FHA 203(k) Standard Loans
FHA 203(k) standard loans are for home improvements that cost more than $5,000, but not more than $35,000. Credit scores of 500 and higher are eligible, but this loan involves refinancing your existing mortgage to an FHA 203(k) loan and rolling the cost of your roof into the new mortgage. You'll also need at least a 3.5% down payment, which increases to 10% if your credit score is below 580.
FHA Title I Loans
This type of loan is more likely to be approved quickly, especially if you have $7,500 or less to borrow. These loans are unsecured, but any amount over $7,500 is secured by your home. The maximum amount you can borrow is $25,000, and you'll have up to 20 years to pay it back, making it a nice option if you're looking for low payments. To qualify for this loan, you'll have to have a debt-to-income ratio of less than 45%.
Cash-Out Refinance
This option is similar to the government's FHA 203(k) loan because you'll end up rolling your roof costs into your mortgage amount. The nice aspect of this type of financing is that you won't have to worry about making an extra payment on your roof loan. You'll simply pay your mortgage every month, which will also cover the amount you borrowed for your roof. Additionally, you'll probably get a lower interest rate than through other options as well.
There are a couple of disadvantages to this financing option, though.

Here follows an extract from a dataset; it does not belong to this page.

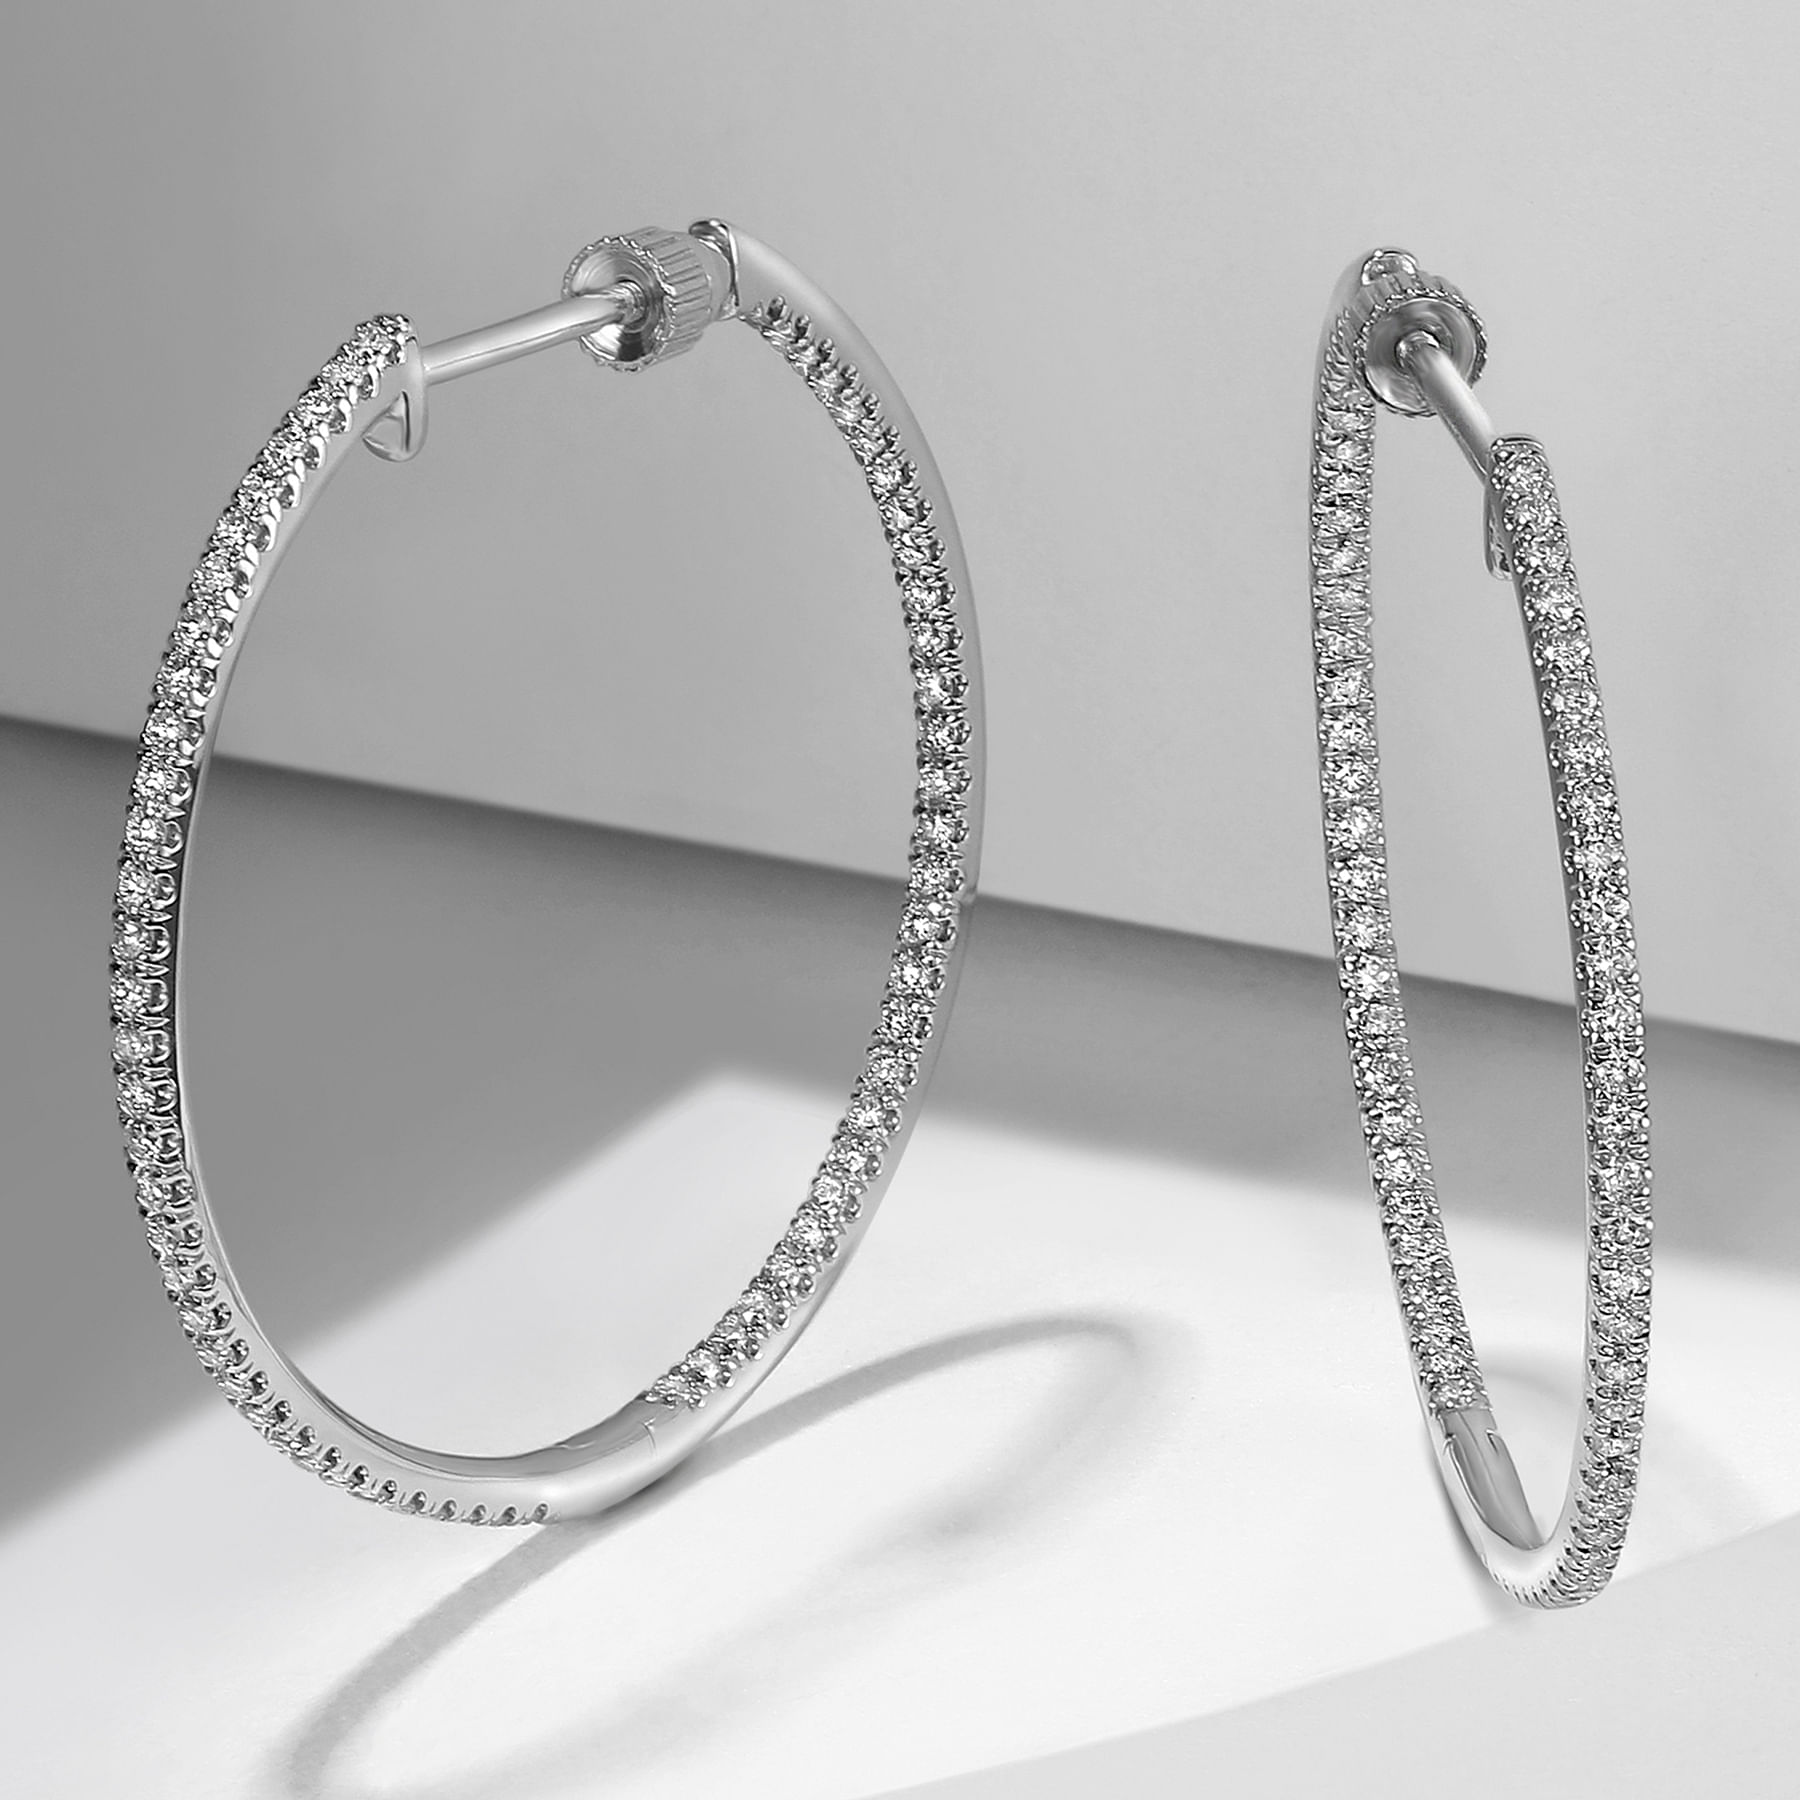 14K White Gold French Pavé 30mm Round Inside Out Diamond Hoop Earrings

One is that it'll take time to refinance your home. The average time for a refinance to be fully complete is 45 days, so if you need your roof installed right away, this is not a good choice. Additionally, as with home equity loans and HELOCs, your house is your collateral for the money you're borrowing. If you have issues paying it off, you could lose a lot more than a roof.
As you can see, there are quite a few options to help you afford a new roof. Now, what you need to do is determine which option works for your financial needs and your immediate roofing needs. You don't want to wait to get financed if you need a roof immediately, so financing through your roofing company is the option most likely to get your job done soon.